614 days ago

Mahi Aroha Awards

Volunteer Wellington

Volunteer Wellington Te Puna Tautoko hosted the Mahi Aroha Awards 2024 on Thursday 20th June celebrating volunteers in the Wellington Region. The Mahi Aroha Awards are an opportunity honour the collective energies and mana of volunteers and the contributions they make to our communities.

There were over 80 outstanding nominations this year for three award categories presented by the Honourable Louise Upston, Minister for the Community and Voluntary Sector.

Congratulations to the 2024 Mahi Aroha Award recipients:

⭐ Mitre10 MEGA Volunteer of the Year Winner – Juliet Clare from Lower Hutt Foodbank.

⭐ Mitre10 MEGA Volunteer of the Year Runner up – Tui Davies from Youthline Wellington.

⭐ Volunteer of the Year Highly commended – Corban Plester from Mountain to Sea Wellington.

⭐ Volunteer of the Year Highly commended – Harita Gandhi from National Council of Women NZ and Wellington Indian Association.

⭐ LEAD Team Governance Winner – Perinatal Anxiety & Depression Aotearoa / Tu mate Tuatea, me te mate Pōuri o Aotearoa.

⭐ LEAD Team Governance Runner up – Vogelmorn Community Group.

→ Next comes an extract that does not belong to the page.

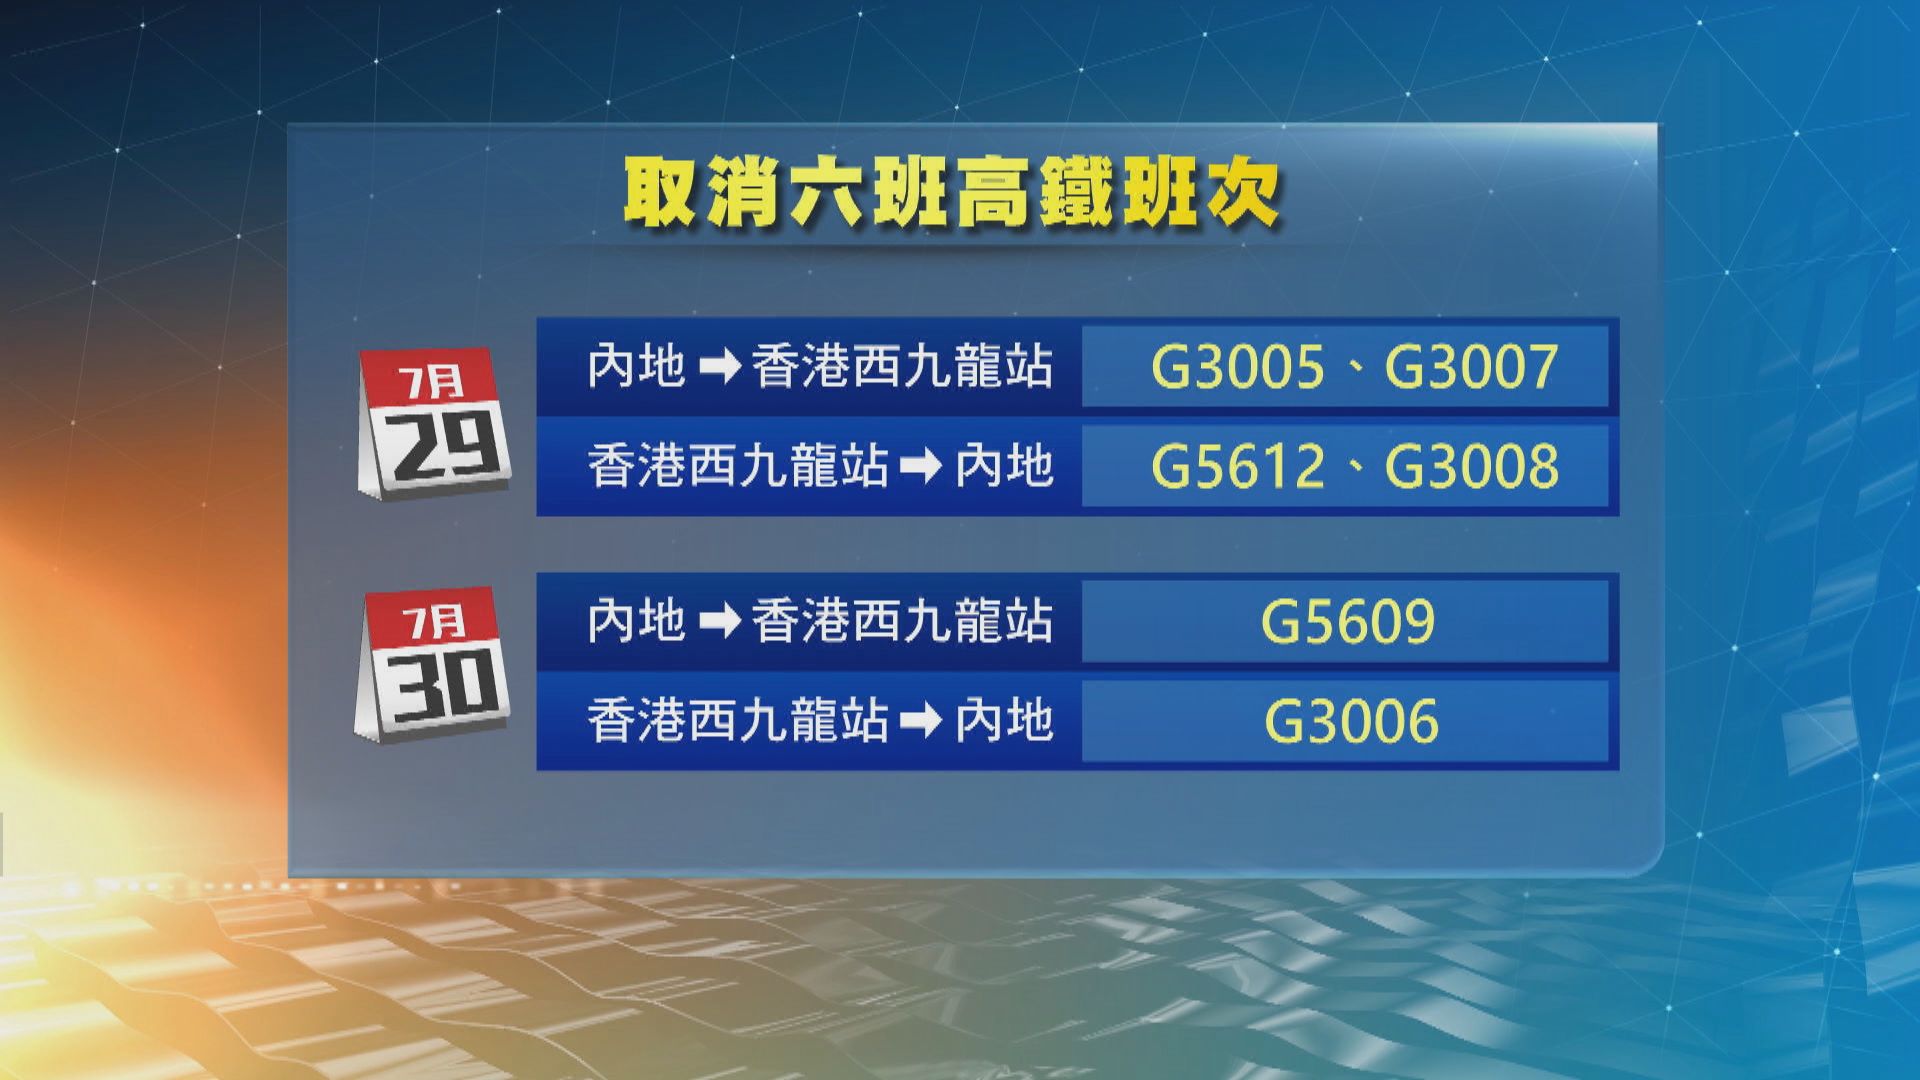 天氣惡劣 西九往返廈門及深圳北6班次取消

⭐ Employee Volunteer Community Team Winner – Salesforce and House of Science (Wellington Branch).

⭐ Employee Volunteer Team Runner up – Spencers and Kaibosh.

The awards were supported by Mitre 10 MEGA Wellington and LEAD Centre for Not for Profit Governance & Leadership.

Gail Marshall, Volunteer of the Year 2023, spoke about co-founding the Community Comms Collective and the impact of their mahi supporting the community sector.

The Kapa Haka group from Karori Normal School gave a wonderful performance which the guests thoroughly enjoyed.

The Hon Louise Upston Minister for the Community and Voluntary Sector was a speaker and presented the awards:

“As we look to the future, I want to confirm this Government’s commitment to seeking ways to enable communities to thrive and be at the forefront of their own successes. This will best happen when community, government and business work together for aligned outcomes that strengthen our society.

Your dedication to your communities is inspiring, and your efforts do not go unnoticed. Whether it's organising events, implementing projects, or advocating for change, your tireless contributions make a real difference in the lives of those around you.”

Pictured: Volunteer of the year Winner Juliet Clare from Lower Hutt Food Bank with Jeremy Prentice Mitre10 MEGA and Honourable Louise Upston Minister for the Community and Voluntary Sector

Photo Credit – Broadmedia www.broadmedia.co.nz...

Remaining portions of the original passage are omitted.